Monday, January 23, 2012

What It Really Means to Be a Self-Hating Jew

In the second era of Bibi, "self-hating" is the name for a Jewish critic of Israel.  Opposed to the occupation? Self-hating.  Against Orthodox dominance? Self-hating. In favor of political or religious pluralism? Self-hating. Desirous of an equitable peace process? Certainly self-hating. Yet, these concerns do not belong to the self-hating Jew; they belong to a Jew with a deep love for his religion and his people.  He may be ambivalent, but ambivalence does not negate close ties and deep affection for the Jewish state. If anything such consternation is the sign of love for Israel even greater than that of Israel's staunchest defenders, as it is the kind of concern with which one would address an errant family member.

A self-hating Jew has none of these feelings.  He squirms at the very mention of Jewish pride, the incessant rattling off of names - filmmakers, authors, lawyers, bankers.  He scowls at the constant invocation of the words "chosen people" - the very words that kept Jews separate and ghettoized for centuries. The self-hating Jew knows that he is not part of the Israeli "we", and no longer wants to be part of the Jewish "we". And who can blame him?

A self-hating Jew tries to escape the narrow tribalism that renders nearly everyone else an outsider. The self-hating Jew knows he is part of the Jewish nation, which he desperately wants to forget.  He does not, however, wish for an end to Jewry. Instead, he wishes for the end of his link to Jewry. The self-hating Jew does not criticize Israel; he no longer cares about Israel.

The paradoxical thing about the self-hating Jew is that each angst-ridden reaction to the latest Jewish outrage is another affirmation of his Jewishness.  Every time he wishes to forget his heritage, he is reminded of his membership to the wretched tribe. His self-loathing is, perhaps, the most Jewish thing about him.

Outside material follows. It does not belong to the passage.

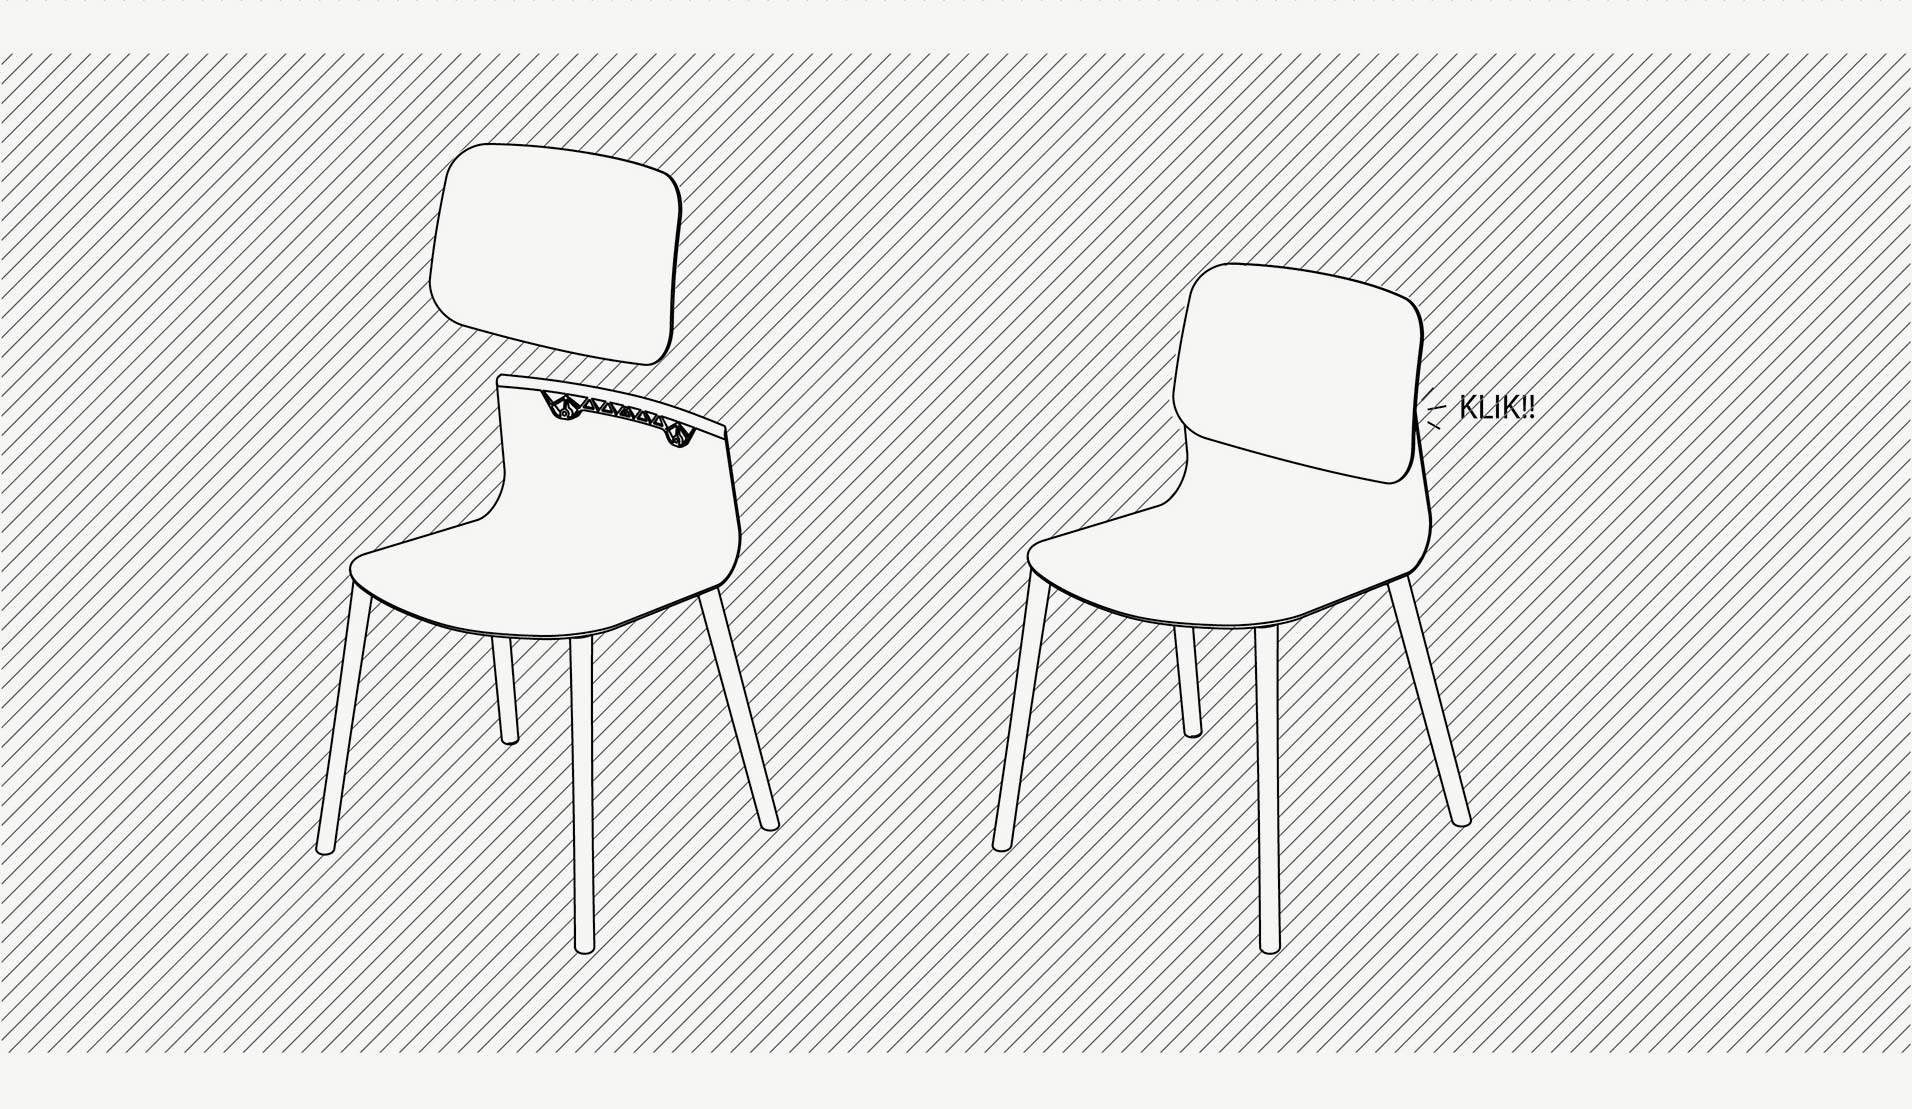 klik-design-task-chair-sokoa-iratzoki-lizaso

And I know, because I am, and I was, him. There are times when I no longer want to be bound to the smelly morass of three thousand years of history.  I don't want Israel to speak for me, and I no longer want to speak about Israel.  Sometimes, I even want to forget that it exists.  Yet, every time I try I end up immersed in it even more.  The very fact that I've written this is proof; the self-hating Jew can never escape his Jewishness. I am, then, in a sense, stuck.